Activity: The listing below holds pictures; exclude them. Return exactly the lines from the one with "上海示一膜结构诸暨度假山庄膜结构遮阳帐篷" through the one with "2022日历全年表a4_2024年日历表全年一页_日历2041全年日历表".

Task material:
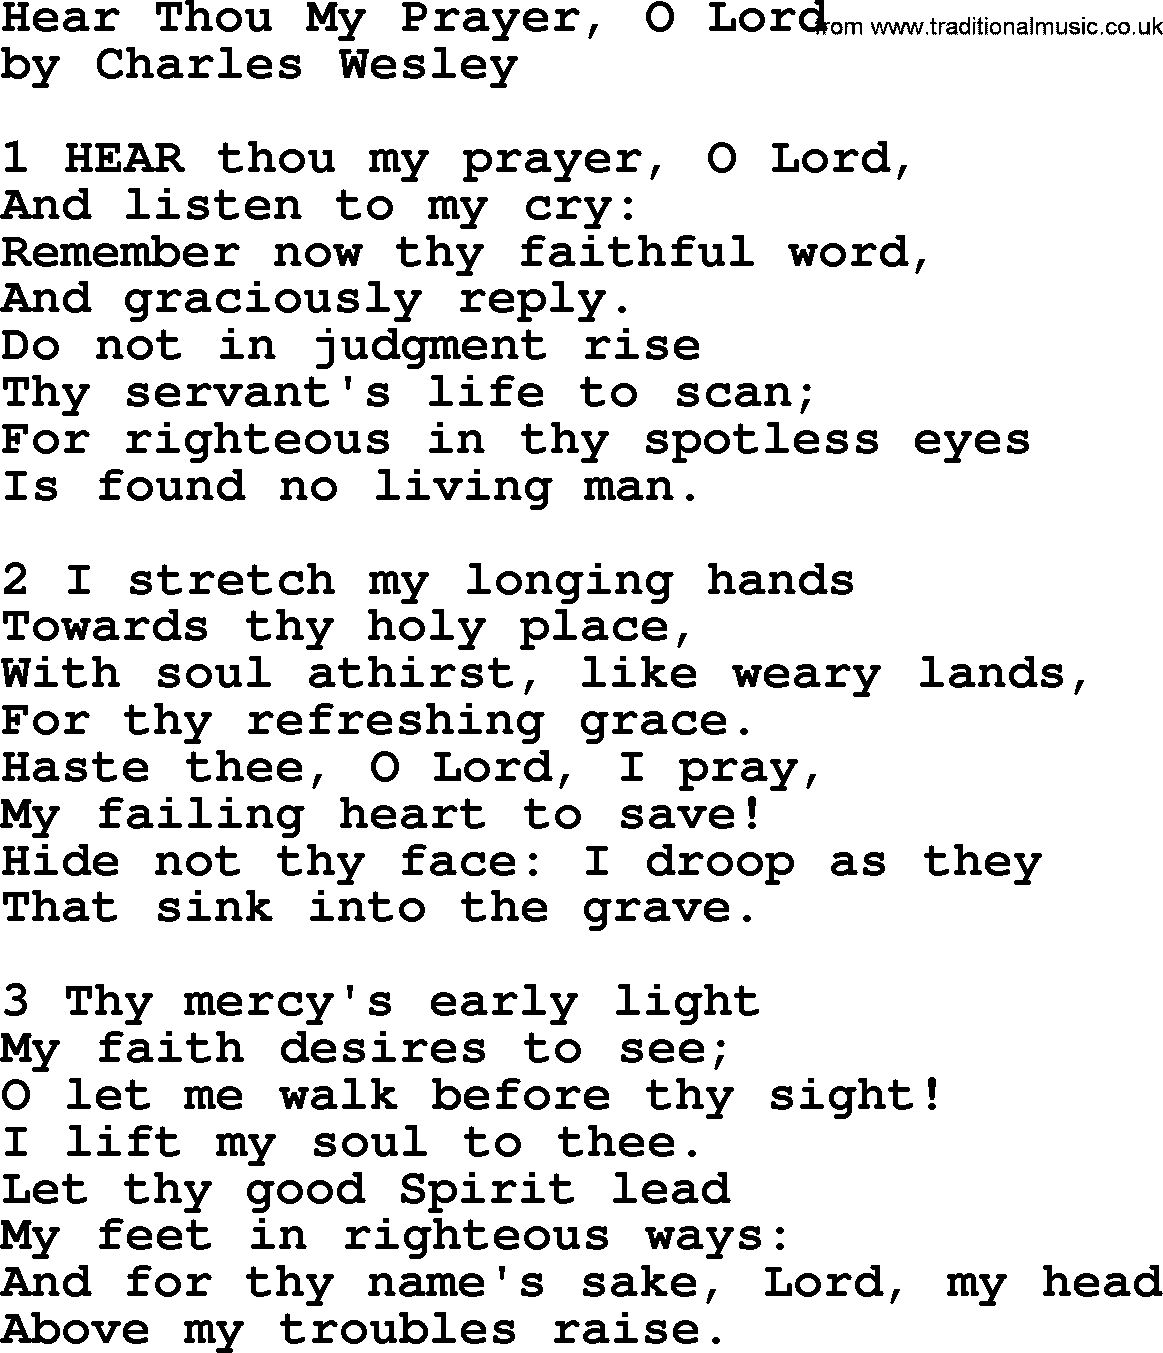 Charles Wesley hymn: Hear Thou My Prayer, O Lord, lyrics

...

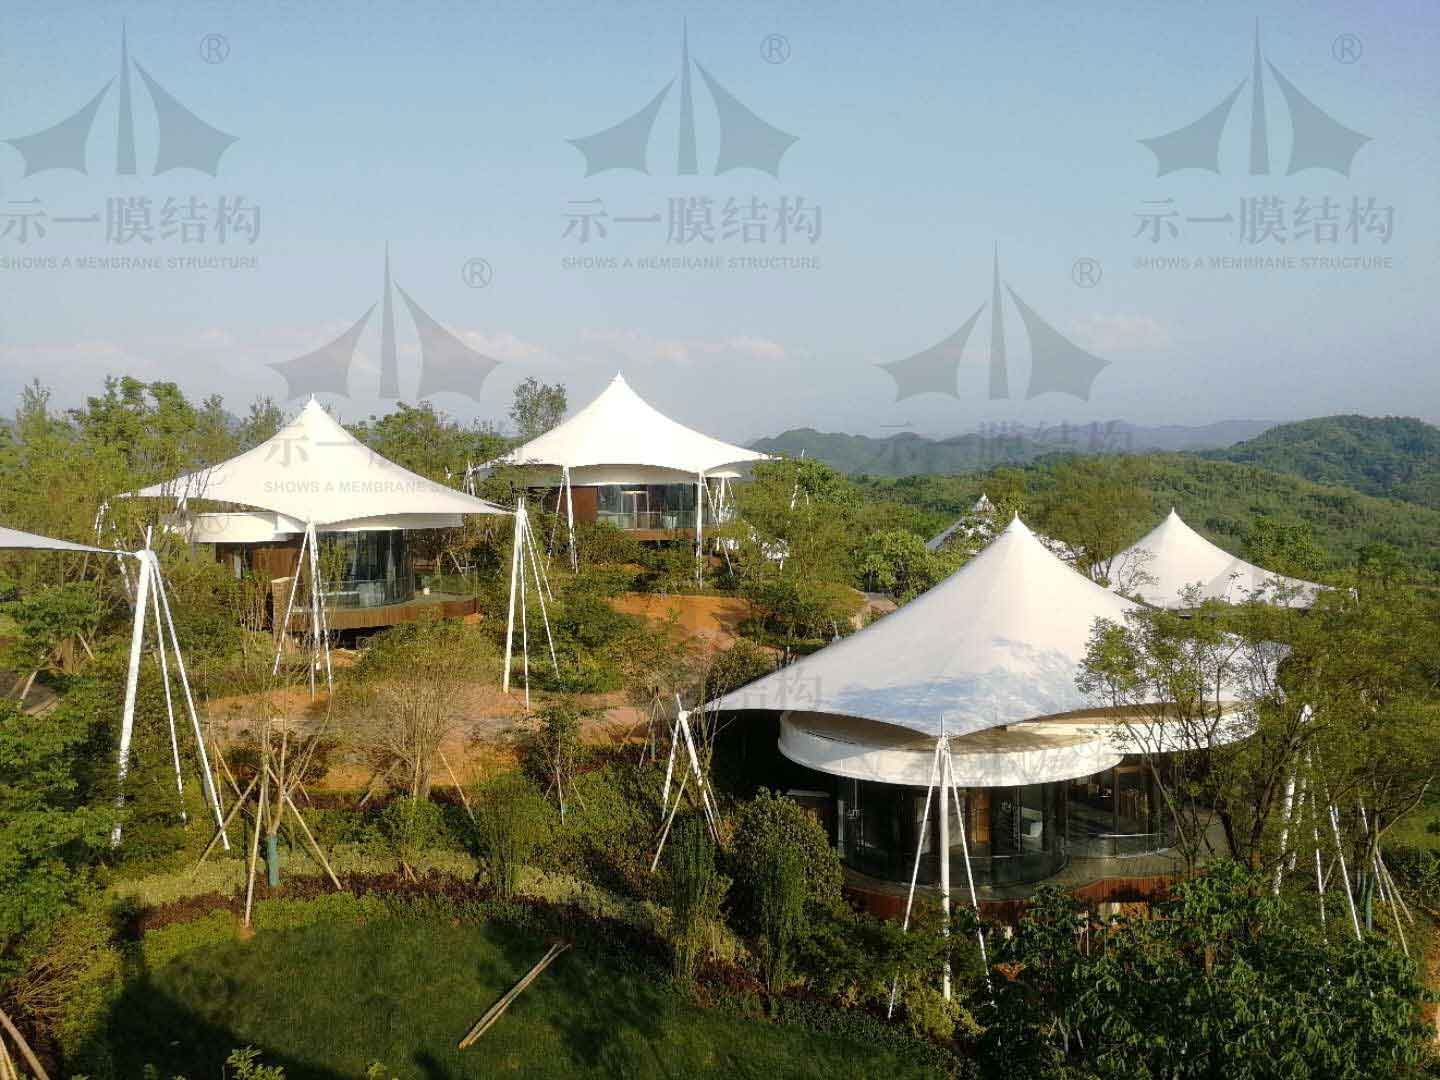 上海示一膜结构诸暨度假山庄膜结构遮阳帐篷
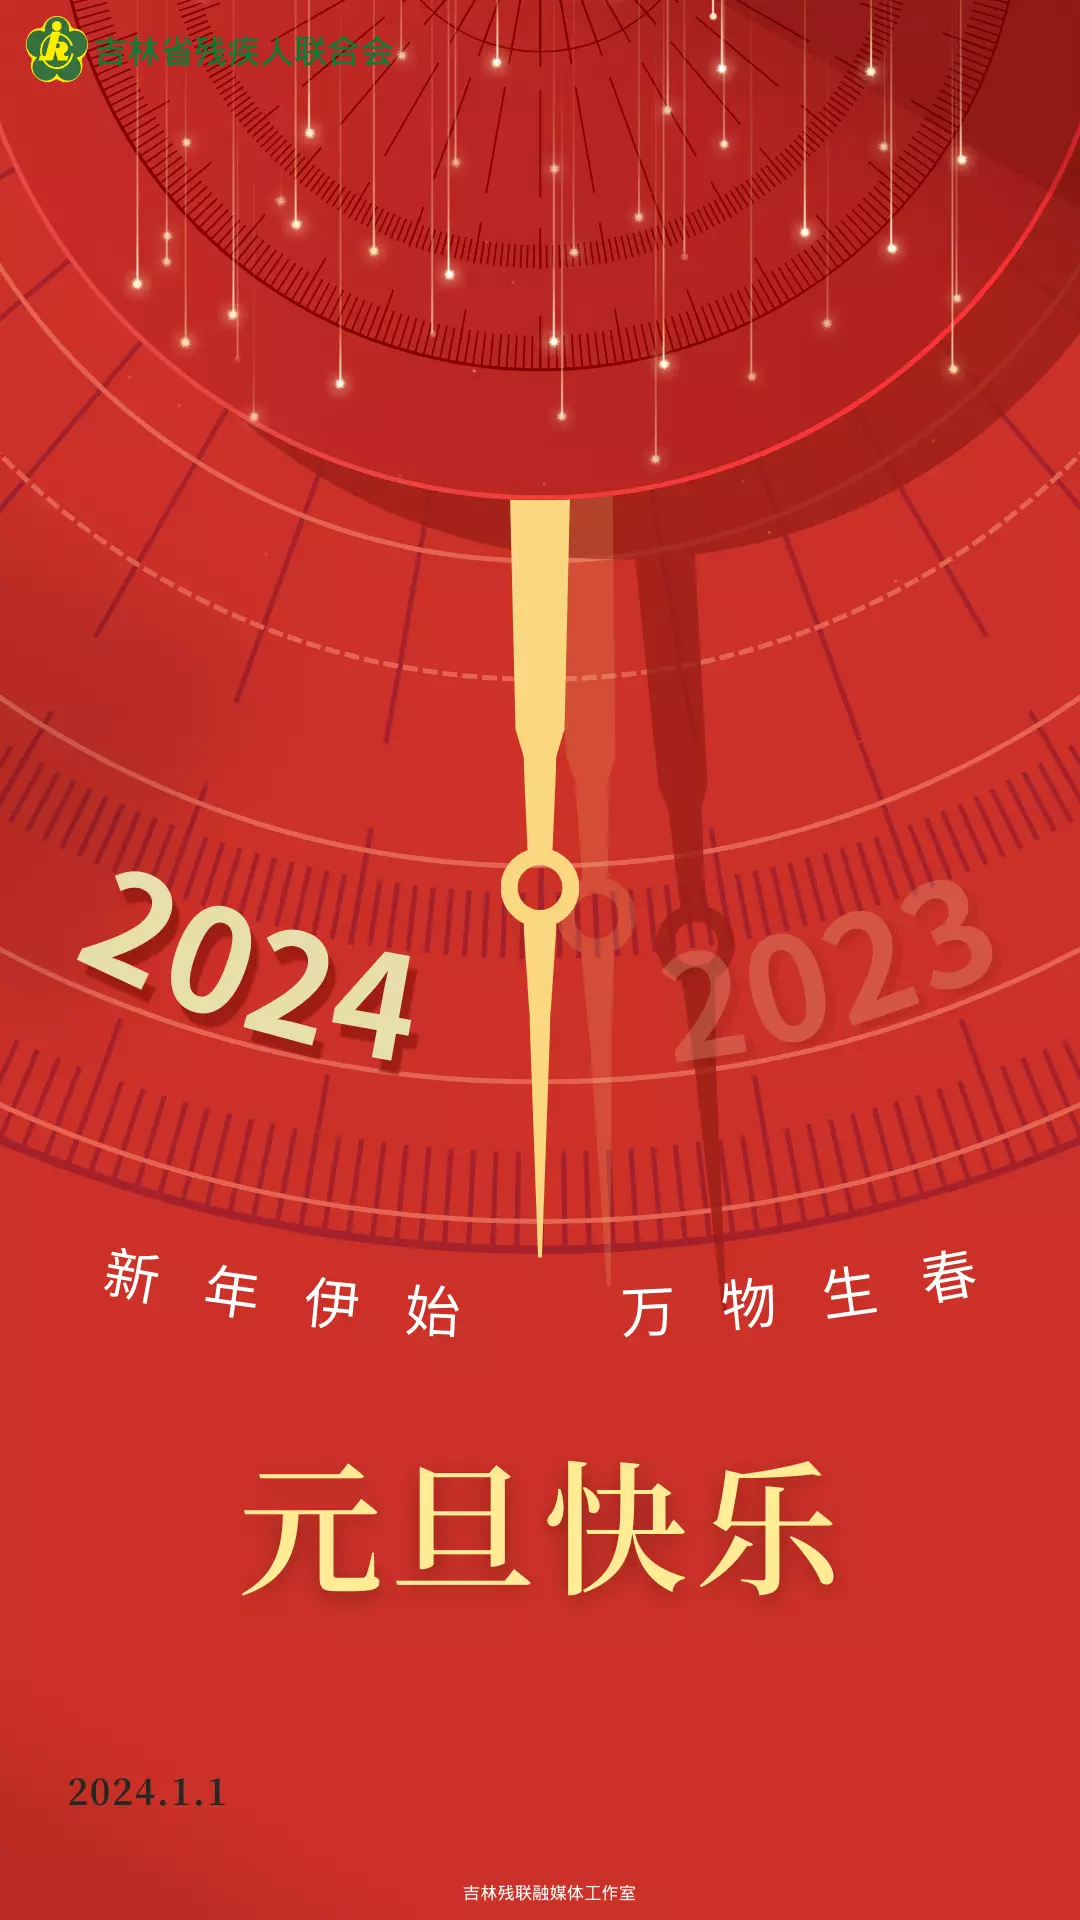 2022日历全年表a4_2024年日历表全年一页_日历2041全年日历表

Response below:
 上海示一膜结构诸暨度假山庄膜结构遮阳帐篷
 2022日历全年表a4_2024年日历表全年一页_日历2041全年日历表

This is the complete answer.